This post is a condensed version of scribblings, notes and letters written over the past year, more as a way for me to make sense of all the efforts expended to an elderly person navigate the care system in the UK. Some of the details are already growing hazy, while some, I would rather just forget. This is part of a series I broke down into smaller posts.
On a cold, sleety December evening in 2017, I spent what felt like an unending 30 minutes in the back of a windowless ambulance answering questions from a paramedic, as my mother breathed heavily and absently in the bleep filled journey. Arriving at A&E, I had to go through the same material again. Three hours of repeating the same information to first responder, paramedic 1 and paramedic 2, I was repeating this information for the fourth time at the emergency room. And three hours after hanging around A&E repeating the information again to nurse, doctor 1 and doctor 2, I went home. Only to receive a call before dawn to confirm this information to another doctor! What I couldn’t understand is why this was not one process – I understand the need to confirm accuracy of data, but this was wasting everyone’s time. A precious commodity in short supply.
After a night in an A&E staging space, a bed was found for her and my mom was admitted to a ward. I was able to speak with a very nice geriatrician who assured me all would be ok and she would be my point of contact. My mom’s good hip now needed an operation. This was the only time I ever spoke with her. Soon, I was in recovery ward with different doctors post-operation, informing me all would be fine. My mom even managed within a week post-op, to walk on a frame to the end of the ward! While hopeful for a reasonably paced recovery, all was not ok. We began to notice a decline in memory and cognitive functioning. But since the doctors and nurses rotated after two weeks, there was little continuity and the ward staff simply assumed she was just slow.

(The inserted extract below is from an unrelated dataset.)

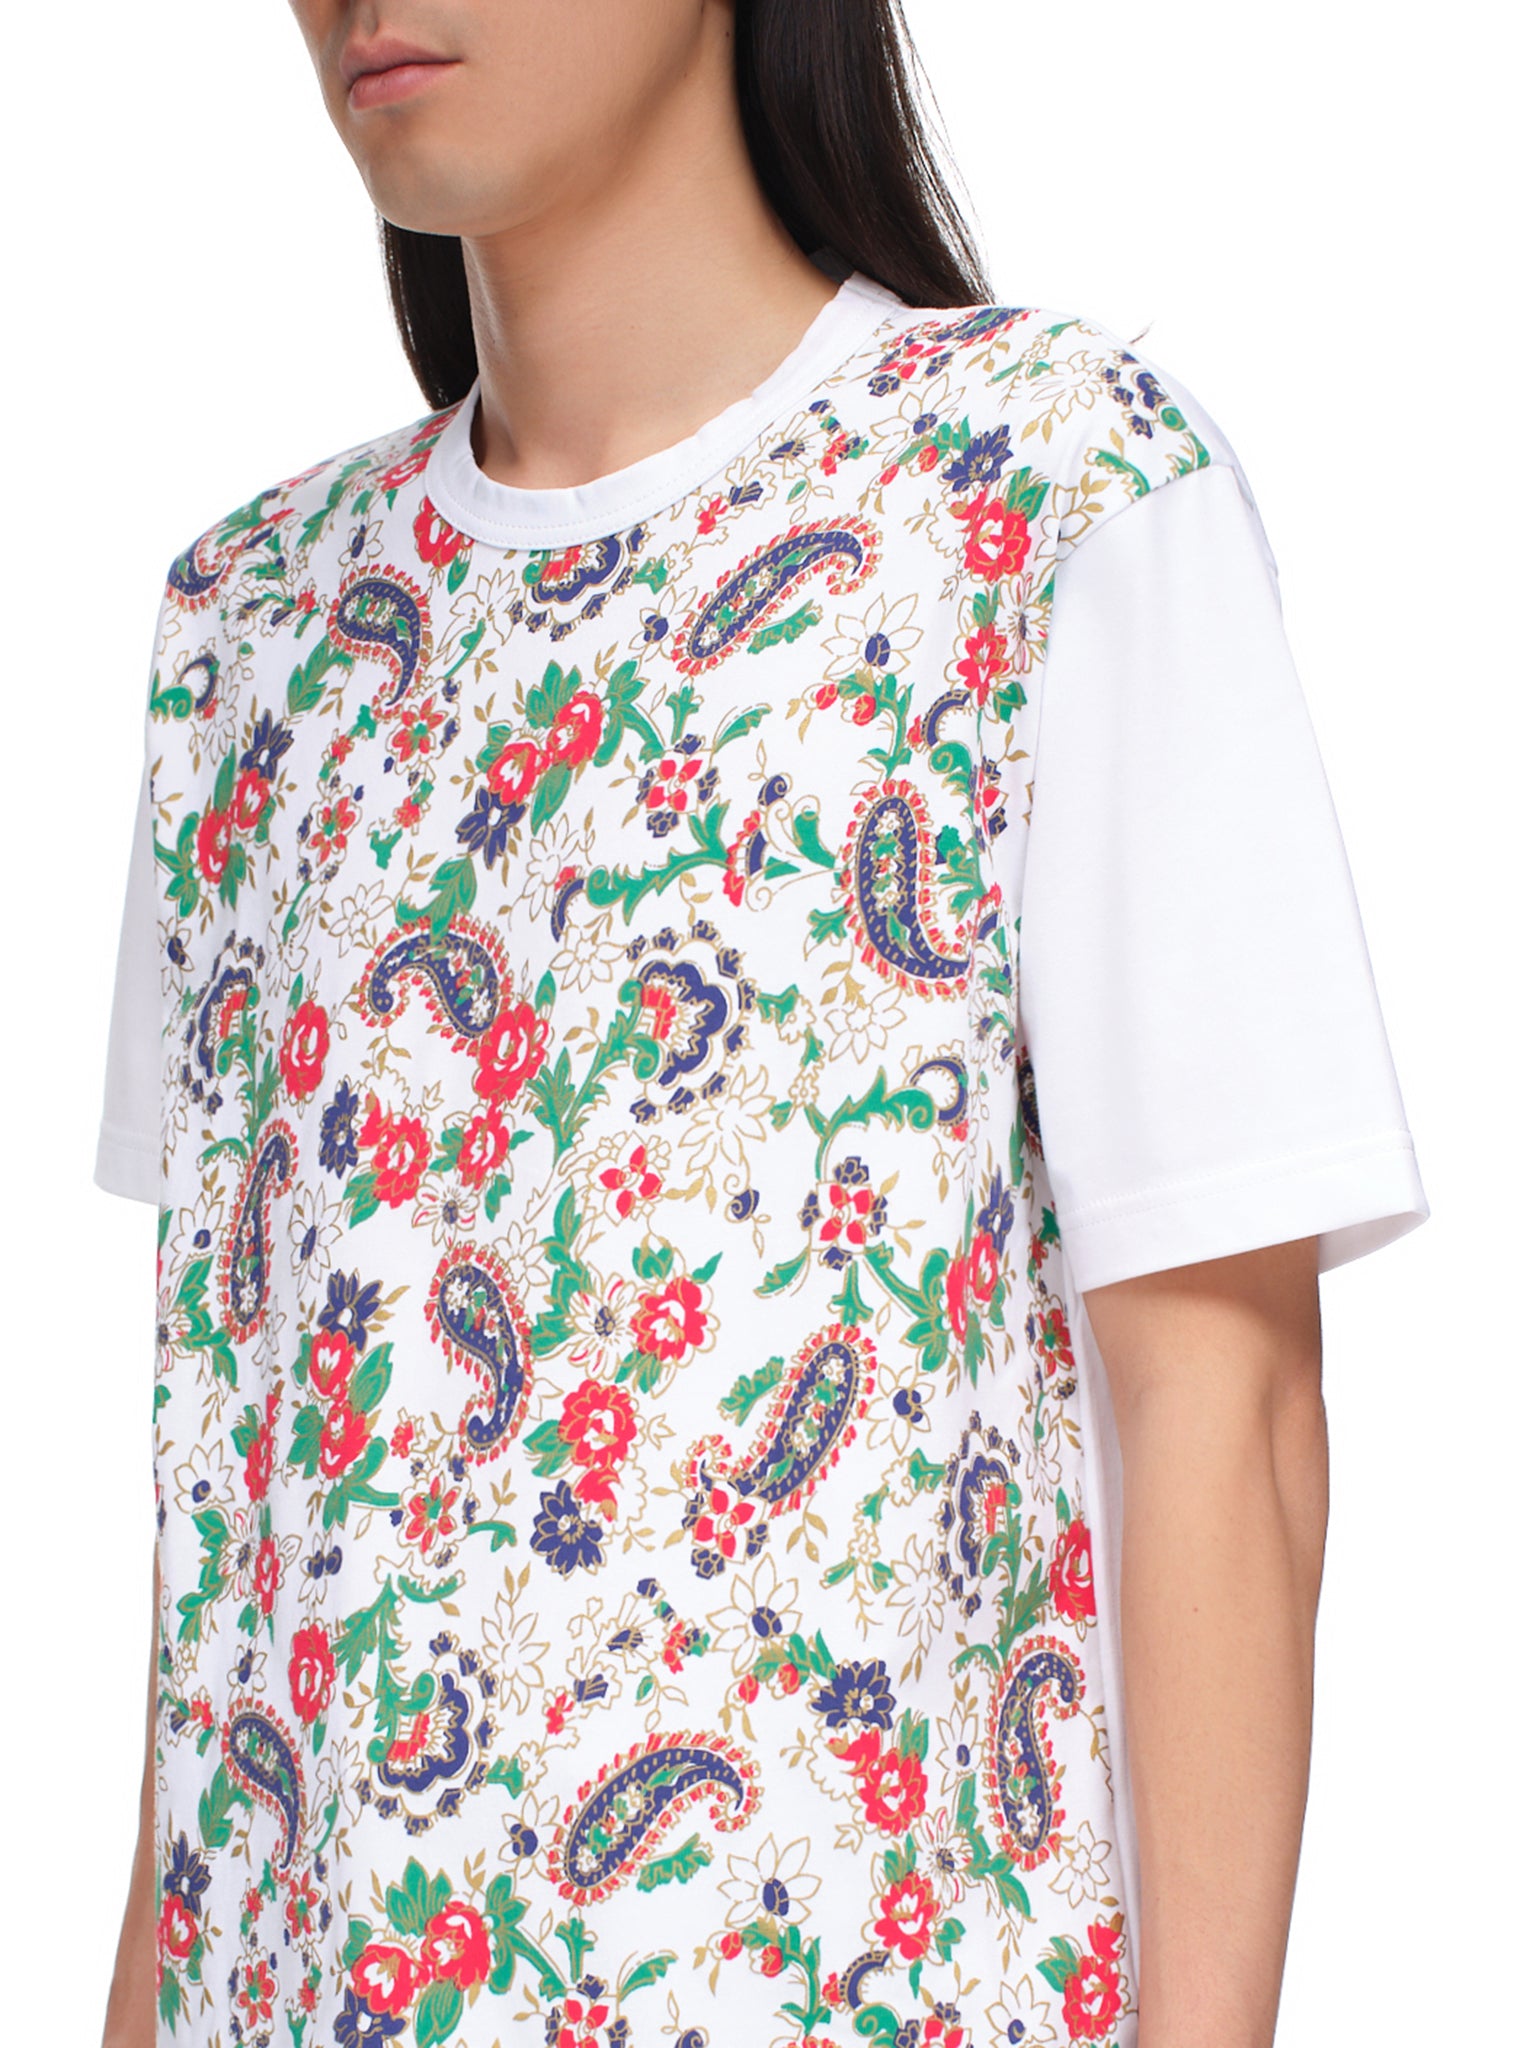 Junya Watanabe Paisley Shirt | H. Lorenzo - detail

At a personal level, I interacted with very hard working, well-meaning staff who wanted to do the best for their patients. But the the structure and system, in my opinion, got in the way. I soon learned that doctors rotated every two weeks and while nurses on the ward were longer-serving, differing shifts meant I wouldn’t always find the same people at the next permitted visiting hours. And since rounds mainly occurred before we were allowed in, the chances of speaking with a doctor during permitted visiting hours were reduced. I was given to understand that all the doctors met as a team and discussed patients.

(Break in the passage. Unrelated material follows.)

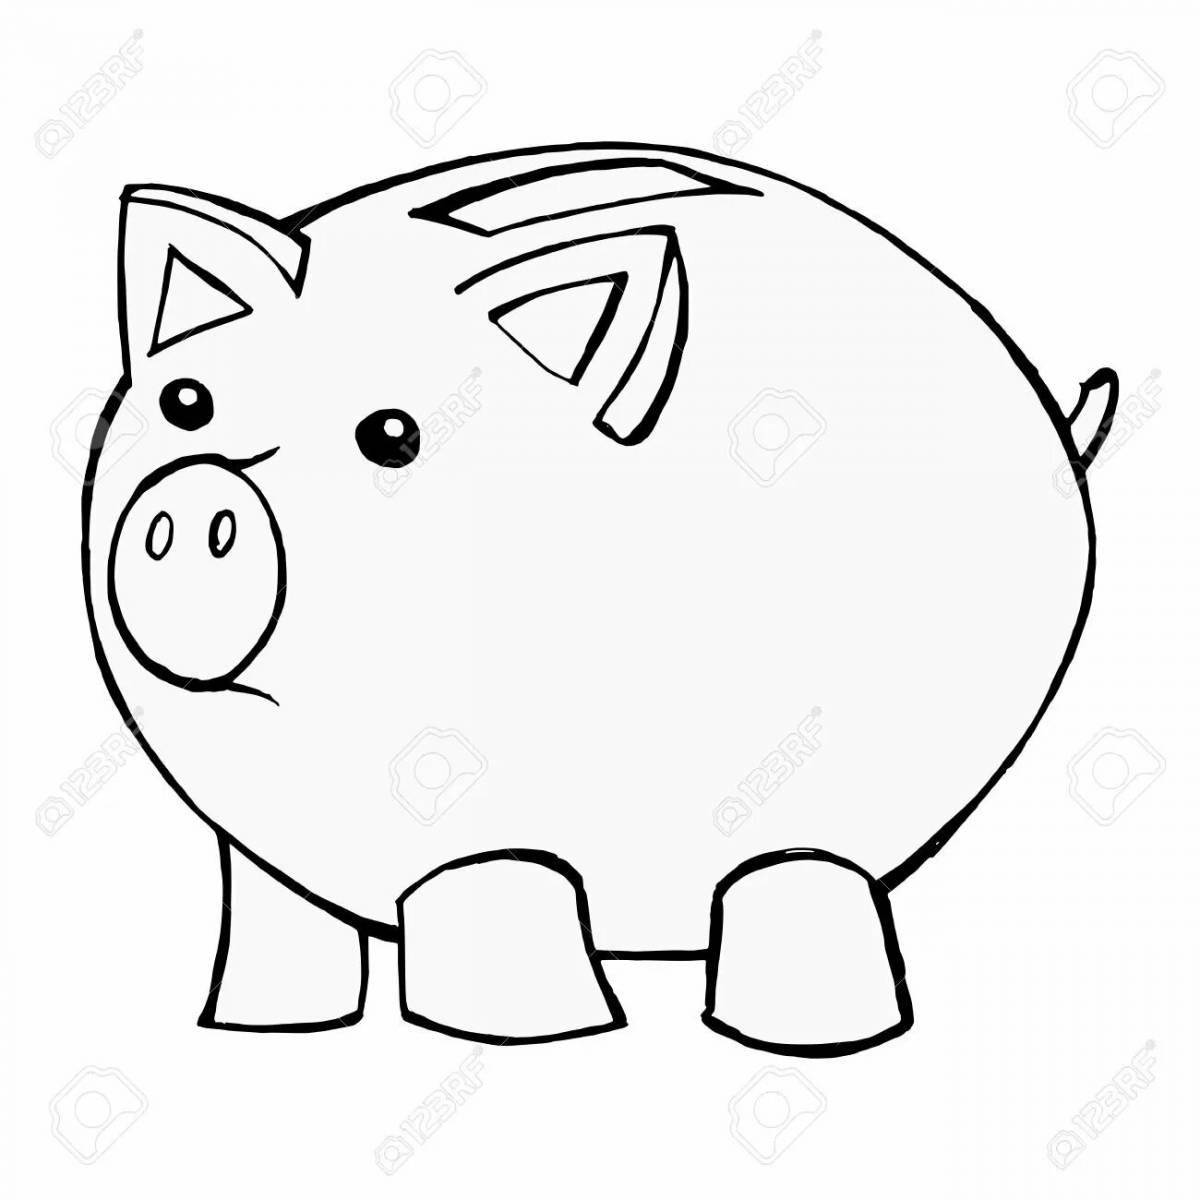 Piggy bank #3

So I started taking notes and needing to brief every time I met a doctor or nurse on their rounds. And I saw that none of them really read their notes, other than the first page of her charts at the foot of the bed. Applying techniques I had learned from experience in the developing world, I kept up chasing for an update on her condition daily. It became an inside joke in the family when I was asked if I was a doctor each time I asked for an update from the doctor on duty, and after hearing a grudging, canned & vague response, my follow up questions provided facts that actually required them to read their notes! That these were handwritten extensive notes (which takes each doctor time to scribe), and there did not seem to be a way to highlight key information was not lost on anyone. In any case, I asked clarifying questions, did my homework, and tried to avoid any lapses from a very busy medical team.

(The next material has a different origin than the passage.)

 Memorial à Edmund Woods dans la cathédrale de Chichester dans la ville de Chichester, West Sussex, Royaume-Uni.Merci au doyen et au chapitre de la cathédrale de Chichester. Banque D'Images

The system has to deal with an inordinate volume of disparate information, a ‘high touch’ patient and family base, and is clearly under-resourced. Despite the convenient blaming of ‘too many managers’, I did not get the sense that these issues couldn’t benefit from someone throwing some money at them – whether people, or better systems & technology. Yet somehow, everyone just seems to keep treading the same path. Patients are too exhausted by their stay, and families are scrambling to deal with the aftermath – complaints are signposted to the patient liaison team, who I was given to understand, will spend more time listening than doing.
The CEO of the NHS trust under which our various episodes of care took place, was silently ‘AWOL’ for much of this year (they actually took up a post in another area for anyone willing to do a quick web search but our own local website still showed them as the primary contact). During the past 11 months, I wrote many letters, left many detailed notes, and not even once, received a written response. I’ve removed mention of names of institutions as naming and shaming will serve little purpose – I had documented sufficient information to populate a fairly damming and chronologized complaint, but doubt it will yield anything. Patient-centric ‘integrated’ care may be the official line, but from my experience, systems seem in place to support the provider rather than the patient.